CEO and managing director, Prescient Therapeutics
To address the company’s funding problem, using his knowledge of the markets, he was quickly able to raise $10 million without the help of an investment bank. Simultaneously, his plan included backfilling the pipeline via some in-house development while also seeking partners for some programs and additional clinical assets. All of that is still currently in the works (e.g., the company is working on version 2.0 of PTX-200).
“When you’re starting as a small company with no money, you have to sort of take a step-ladder approach to trying to ‘get over the wall;’ you need a good diversified pipeline that mitigates risk while simultaneously providing different leverage points,” says Yatomi-Clarke. “To me, biotechs are either raising money or planning to raise money.”
As a small biotech with limited funds, Prescient has had to minimize its fixed costs and other expenses. For example, there are only about 13 people who work for the company, some full time, some part time, and a few consultants. Early on, the company didn’t even hire a CRO to run some of its clinical trials. “That was a huge time and management challenge for us,” he says. “For instance, obviously when you are conducting a clinical trial, there needs to be a lot of documentation. But when I joined, much of that data wasn’t organized efficiently, so we had to spend a lot of time tracking down information, backfilling gaps, and creating appropriate operating procedures.”
Earlier this year, Yatomi-Clarke helped lead another round of financing — this time with the assistance of an investment bank — that netted the company approximately $9 million. That will come in handy as the company progresses to using its first CRO for an upcoming basket trial for PTX-100, which also will be the first time a Prescient trial includes some Australian sites.

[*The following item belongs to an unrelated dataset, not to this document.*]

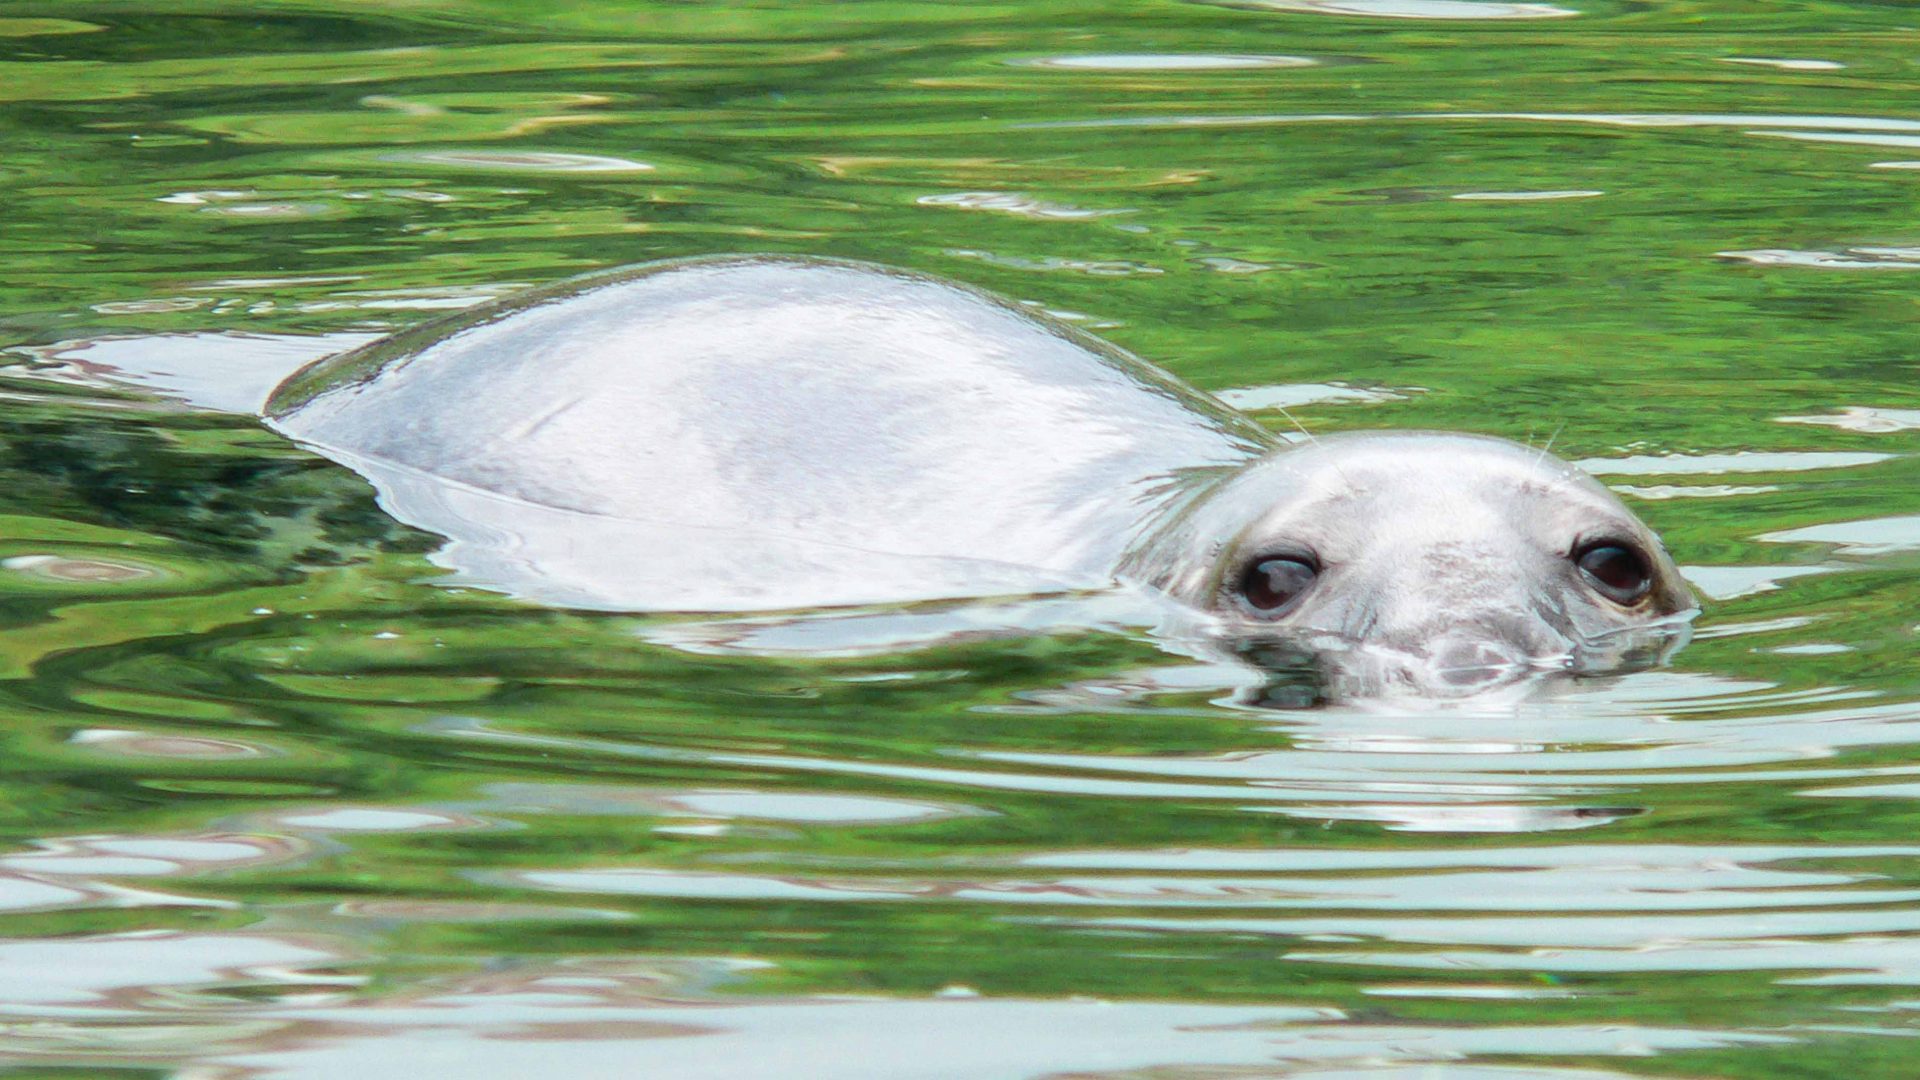 A seal pokes its head from the water - just part of the wonderful wildlife you'll likely come across while coasteering in Wales.

Yatomi-Clarke acknowledges that achieving these kinds of small advancements is just part of the steep learning curve for his second career. “Making this transition from banker to biotech CEO was tougher than I expected, and there’s no shortcut to understanding the science,” he says. “I have no regrets, though, especially when I consider that we are developing drugs that have the potential to treat a range of cancers that have become resistant to front-line chemotherapy.”